Any less of a display and the title would have remained in Manchester for a third consecutive season rather than making the journey 35 miles further north. Put simply, Britain’s most expensive goalkeeper (at the time) was determined to keep a clean sheet that night. In doing so, he effectively won his team their first championship in 81 years.
By all accounts, Flowers was an excellent professional. An exemplary trainer in his early years and impeccable role model for younger pros in the latter stages of his career (turning a blind eye to the time he was sent off as an unused substitute for foul and abusive language towards a linesman at the now defunct Highfield Road in 1998).

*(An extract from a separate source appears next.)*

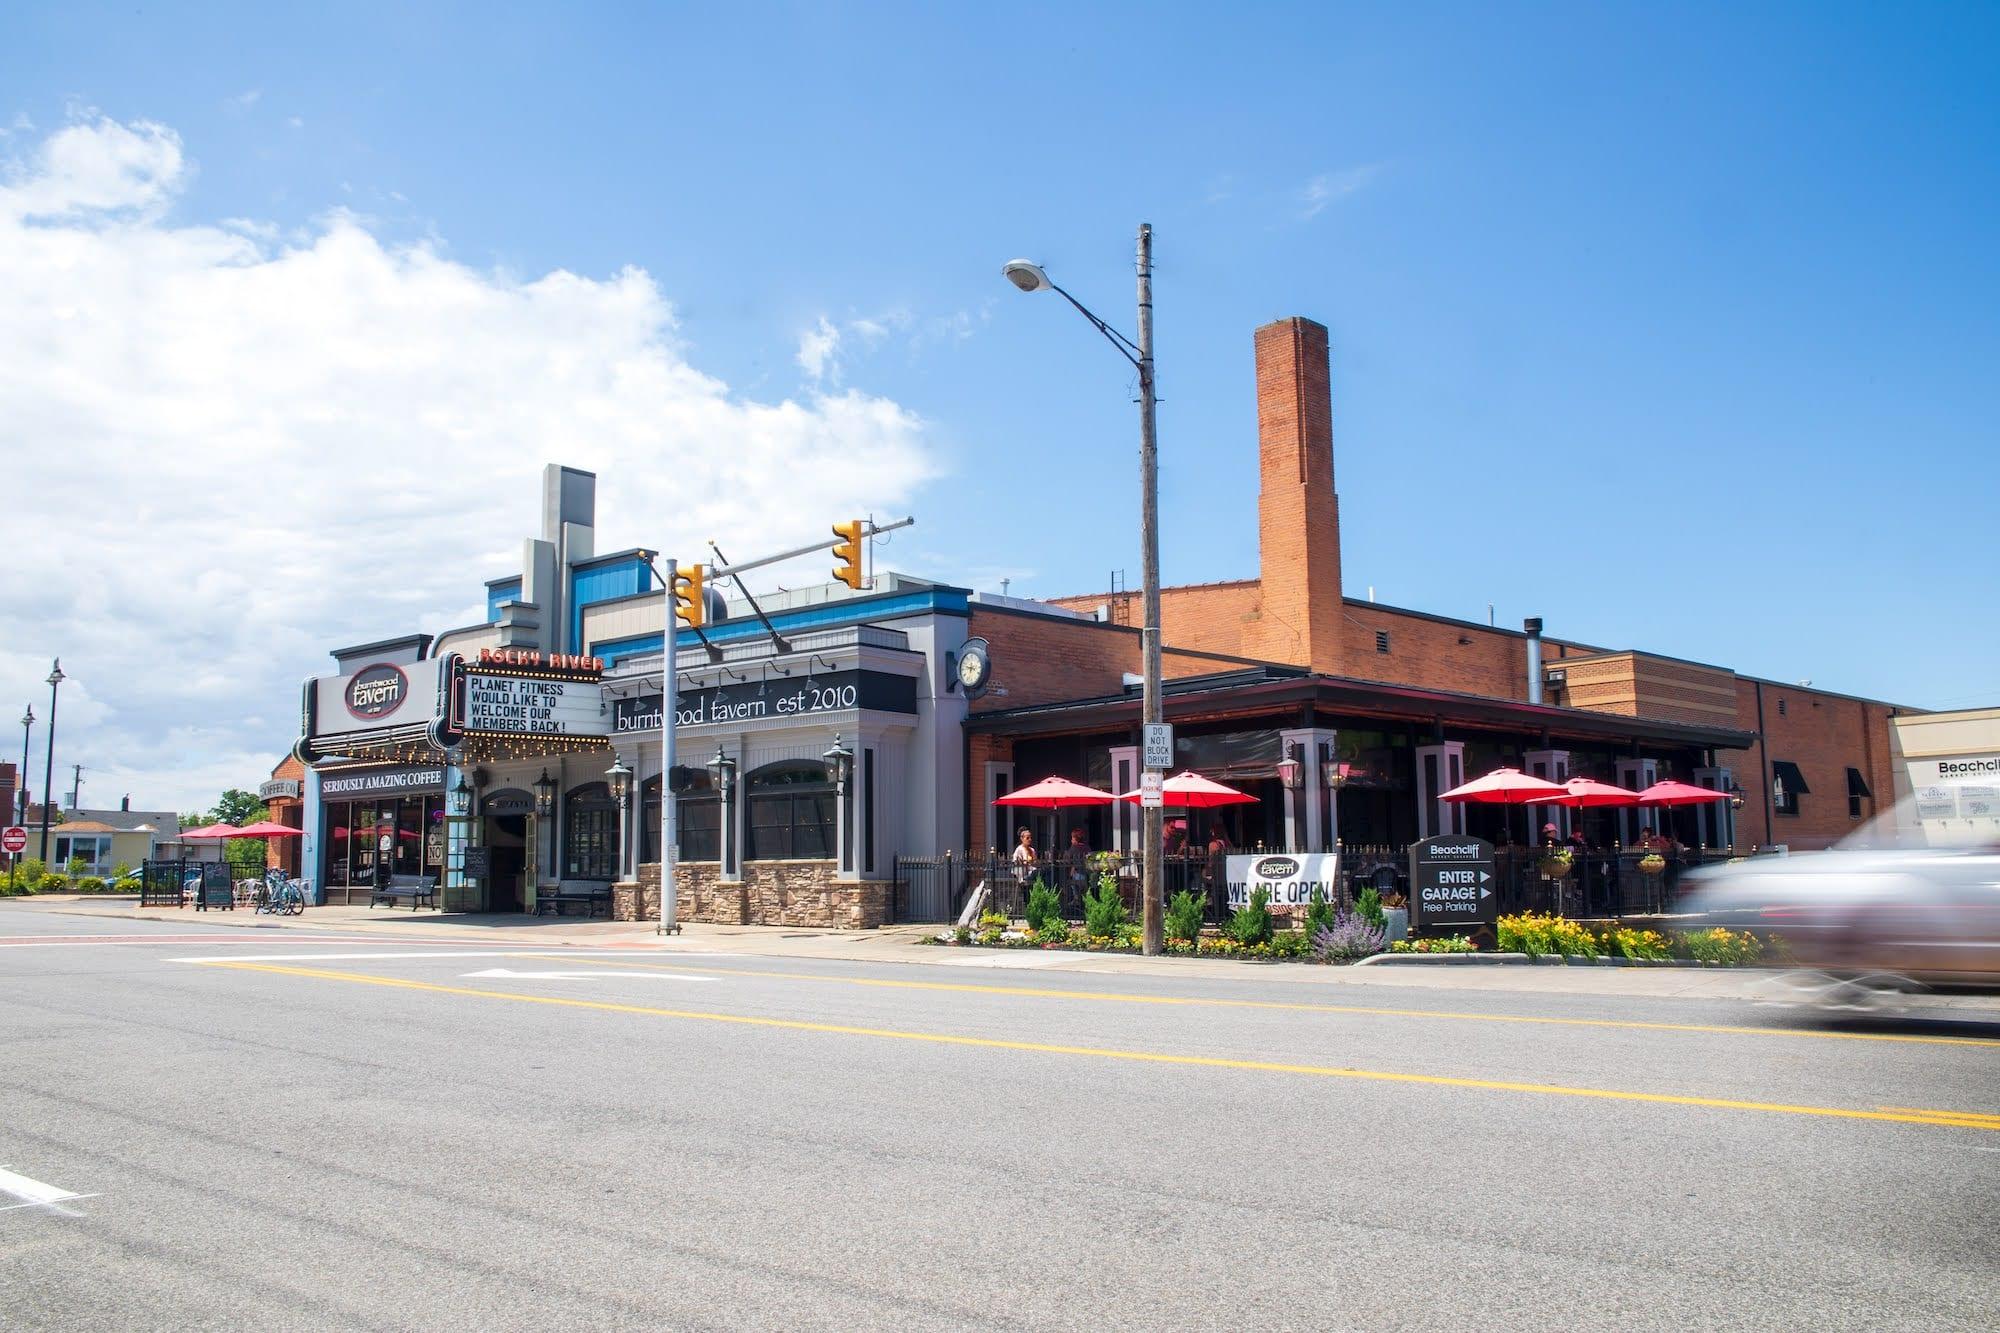 Rocky River - Beachcliff Shopping Center1

Yet despite his stellar reputation, 11 England caps and a Premier League (and Le Tournoi!) winner’s medal, he’s mostly remembered for ranting to an interviewer and conceding a freak goal shown on every bloopers
compilation made since. He can take some solace from the fact that the Collymore goal did not affect his career in the way that Paul Robinson’s similarly unfortunate episode for England in Croatia did for him. Neither were at fault and neither should be defined by such incidents.
Unlike Kevin Keegan’s public overspill of passion a year later, however, Flowers’ was an expression of triumph which should accompany rather than overshadow a superlative individual performance which brought unbridled joy to the blue and white of East Lancashire.